An exact repetition of every entry, with no images, is the required answer.

:: Data records ::

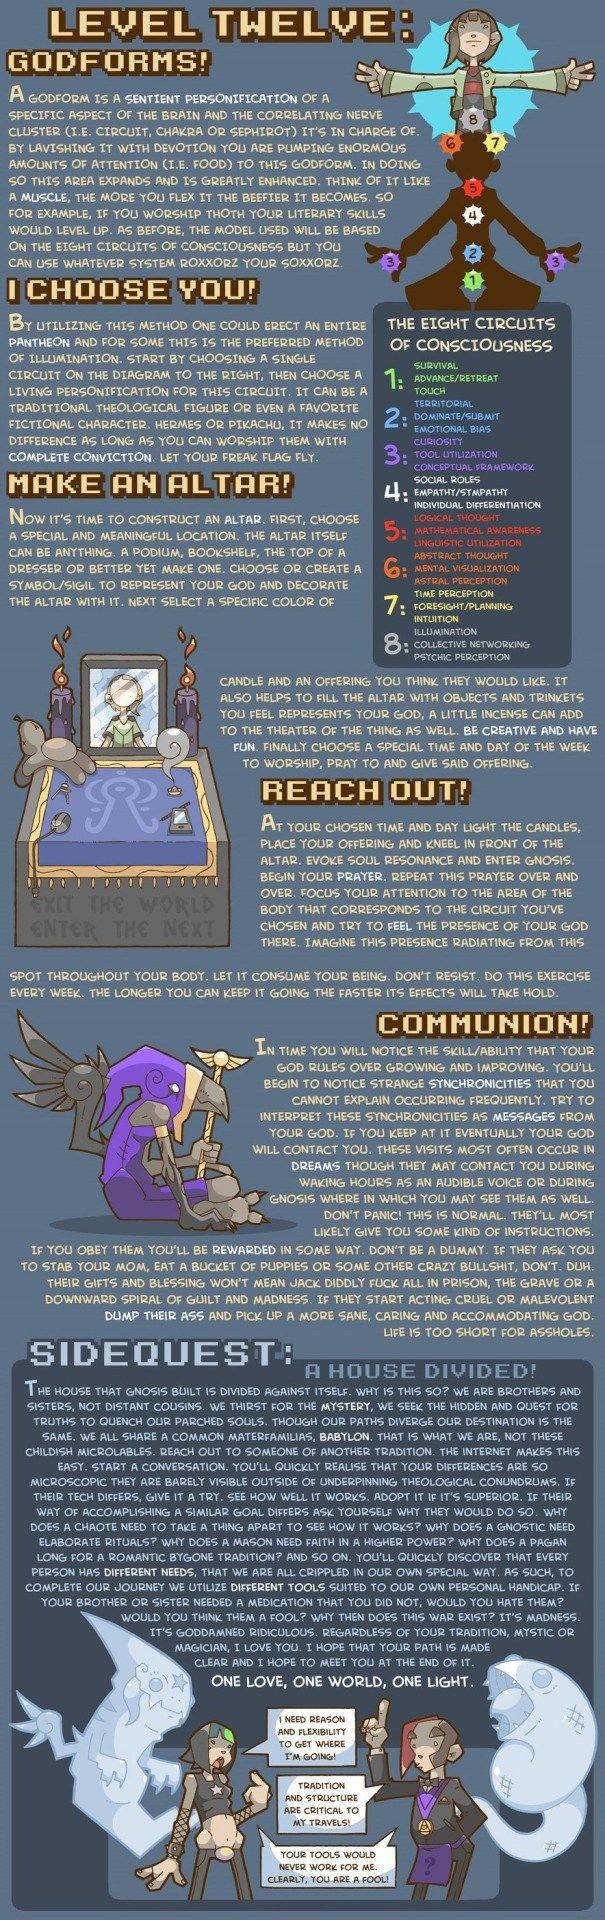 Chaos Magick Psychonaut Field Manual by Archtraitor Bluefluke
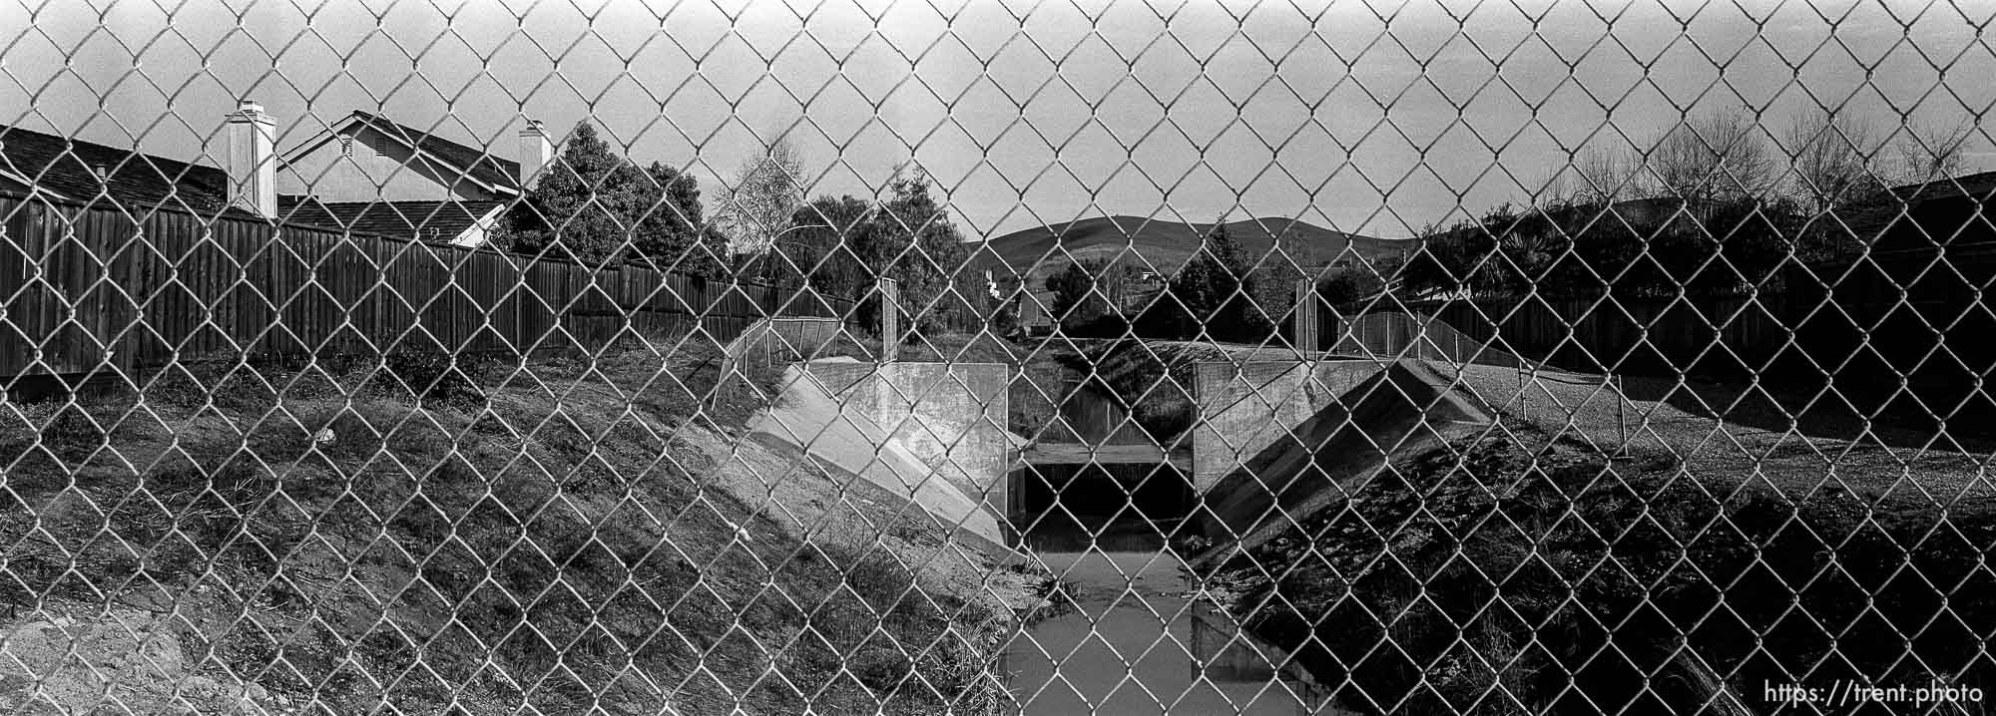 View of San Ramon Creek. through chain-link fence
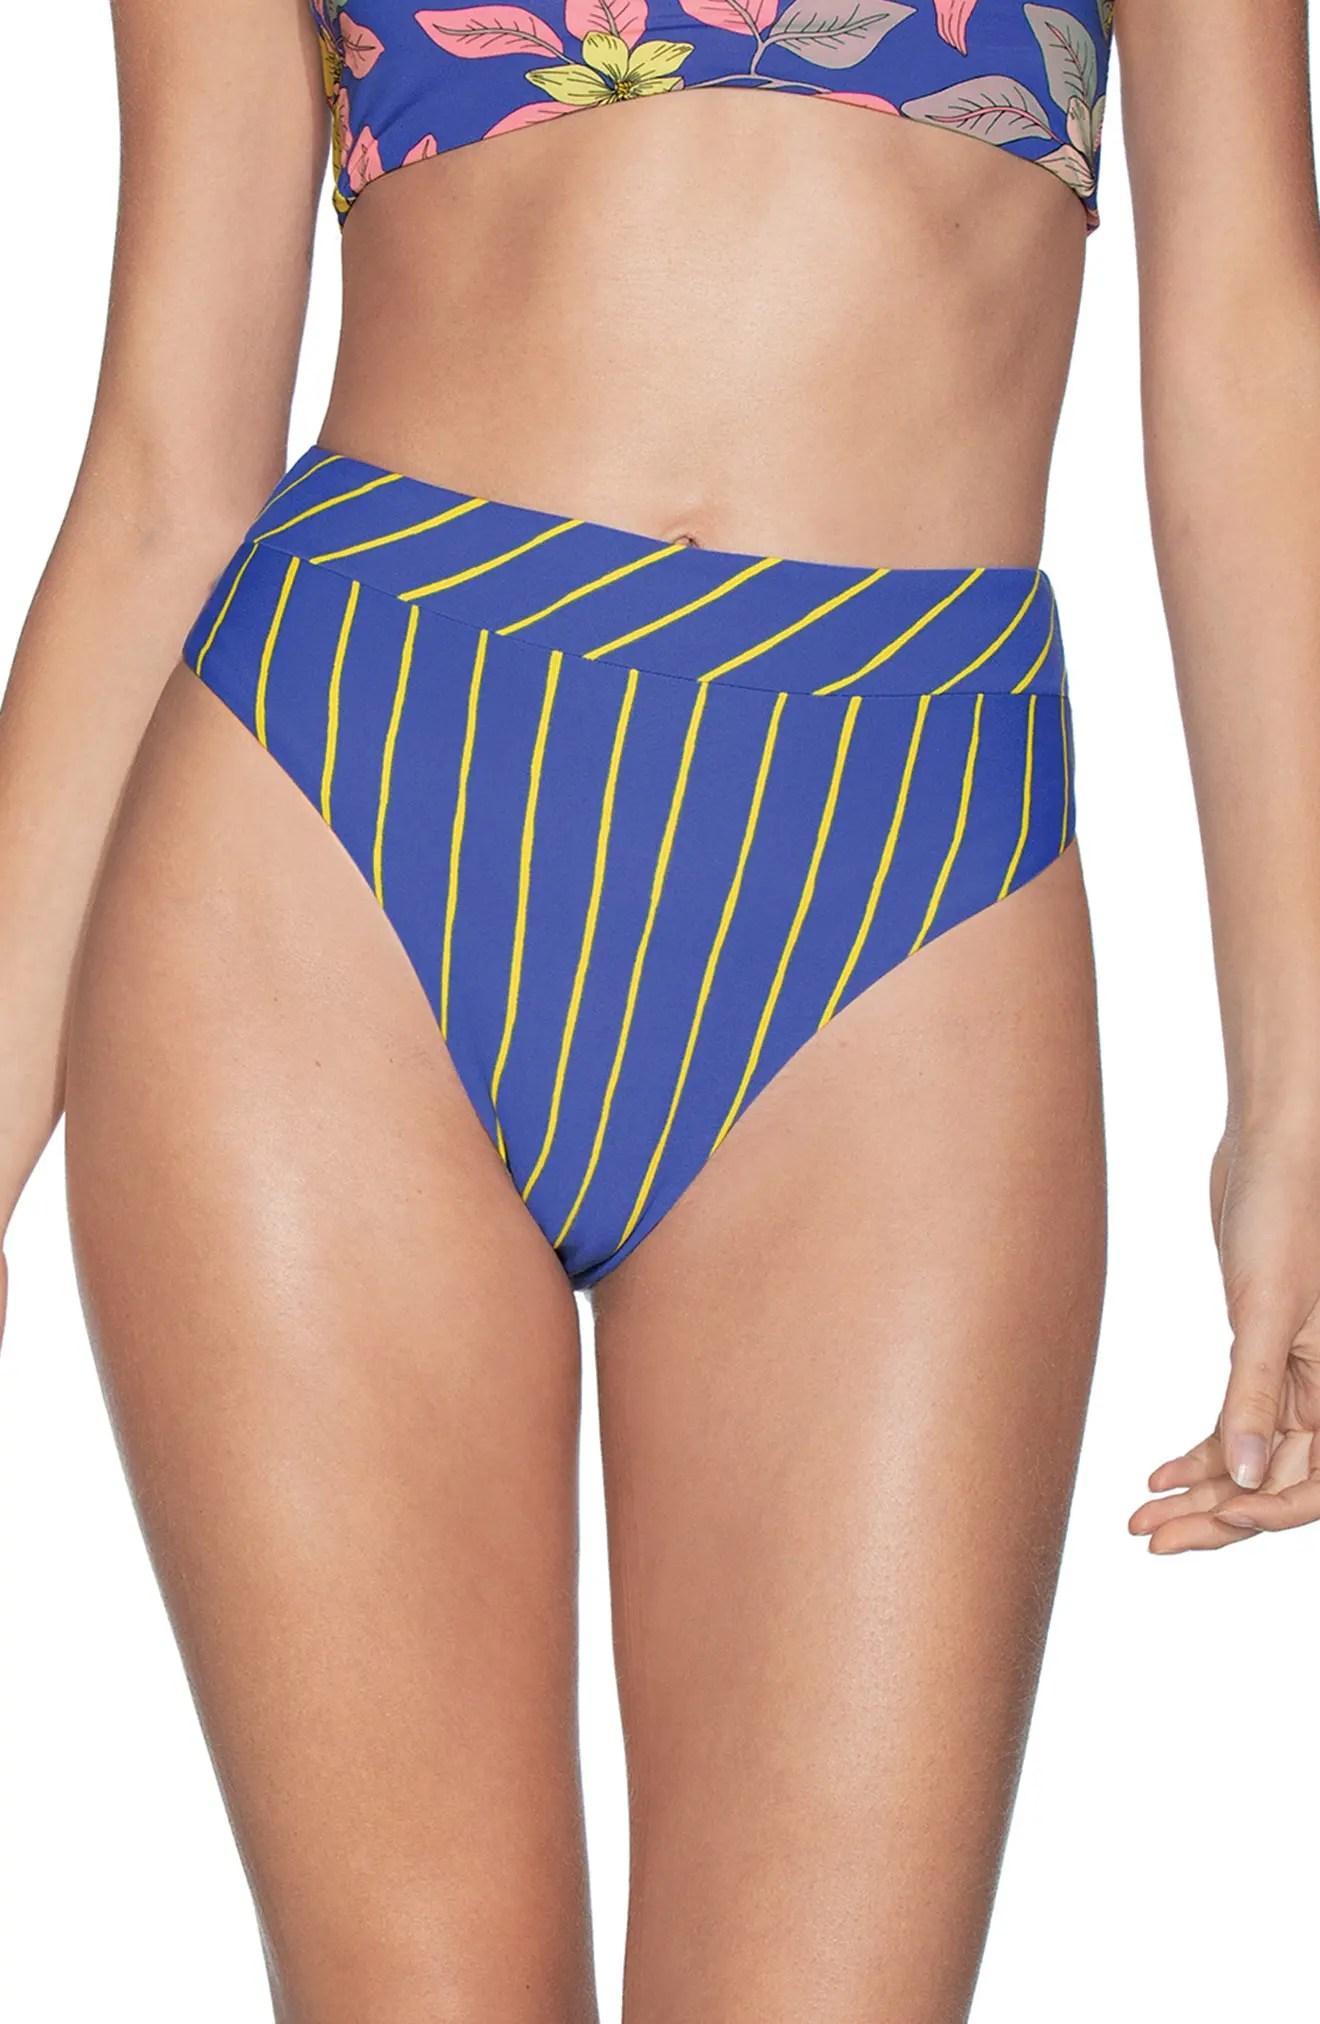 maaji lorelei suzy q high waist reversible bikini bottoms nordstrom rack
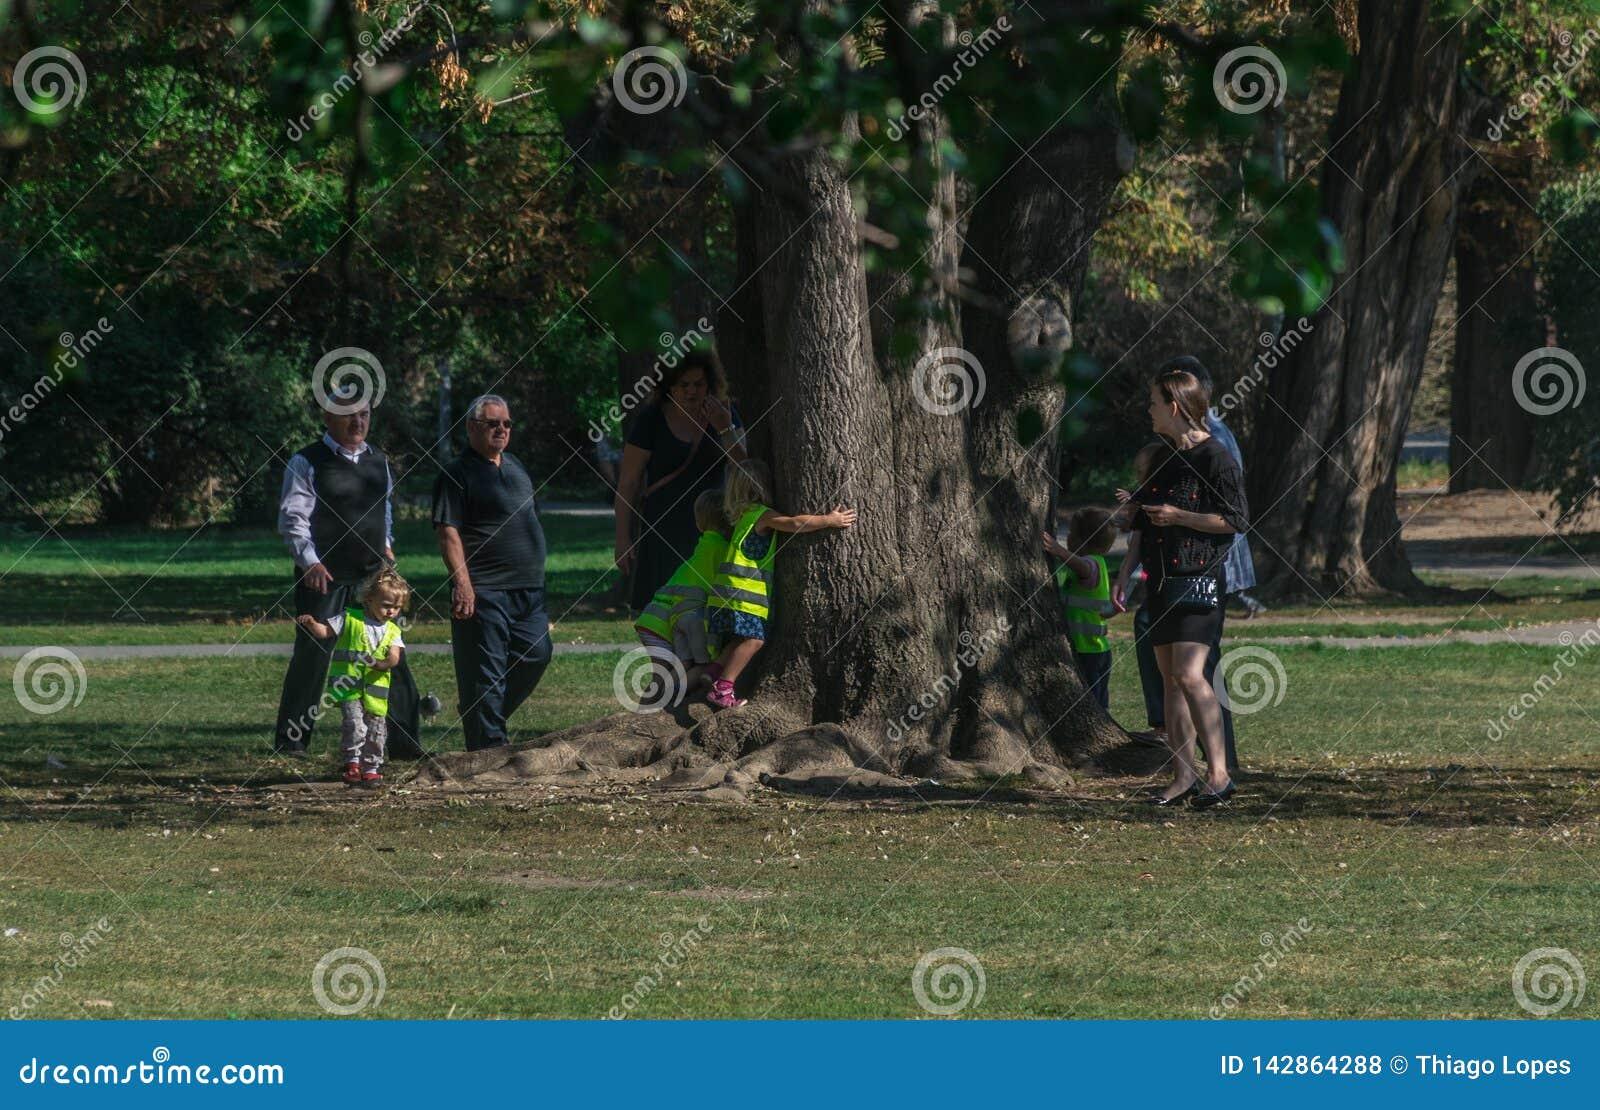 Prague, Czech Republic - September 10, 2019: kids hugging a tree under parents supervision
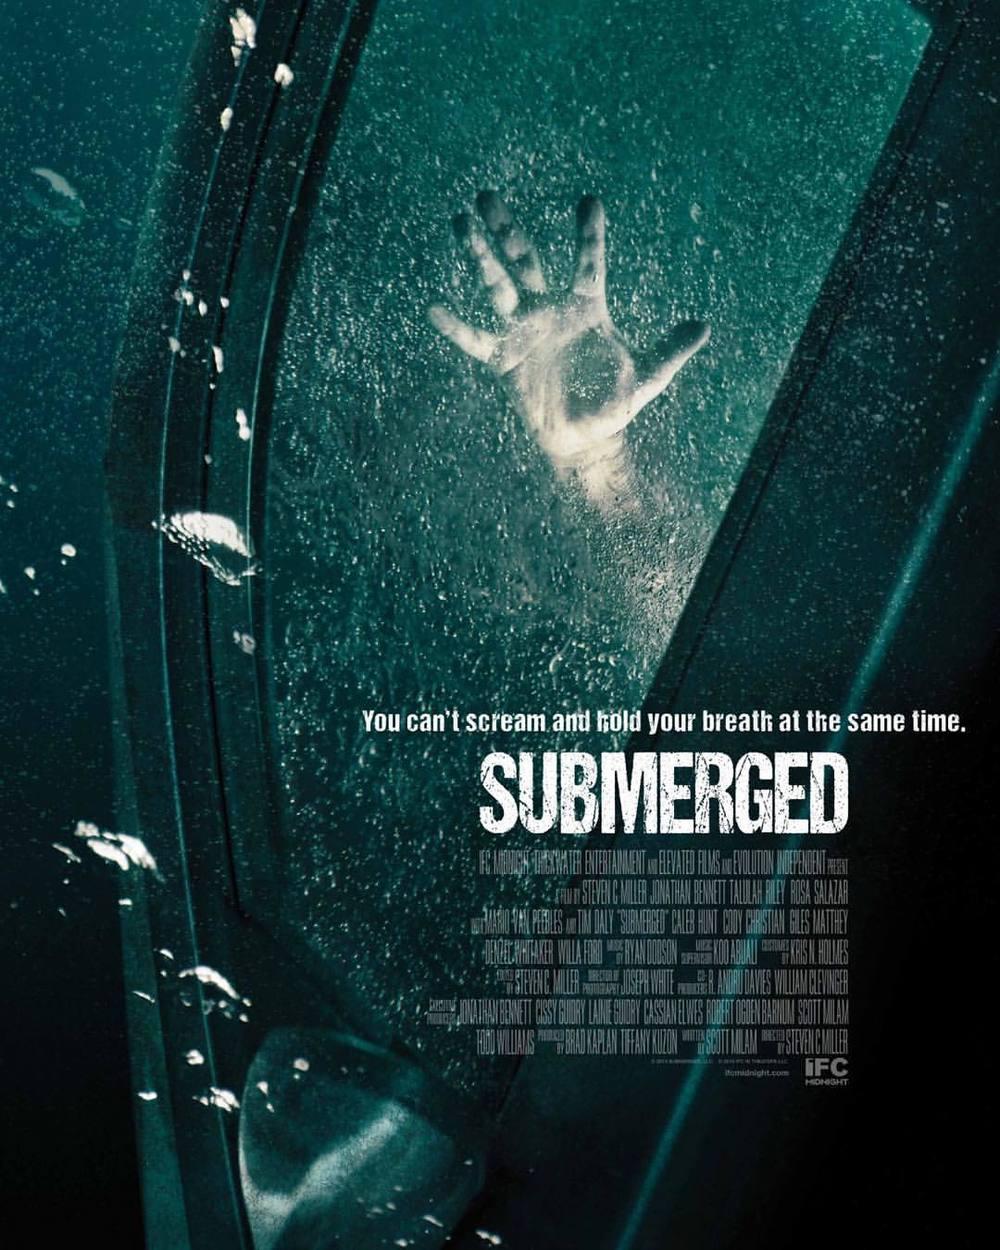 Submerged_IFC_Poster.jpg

:::

→ **Reply to the exercise**
 Chaos Magick Psychonaut Field Manual by Archtraitor Bluefluke
 View of San Ramon Creek. through chain-link fence
 maaji lorelei suzy q high waist reversible bikini bottoms nordstrom rack
 Prague, Czech Republic - September 10, 2019: kids hugging a tree under parents supervision
 Submerged_IFC_Poster.jpg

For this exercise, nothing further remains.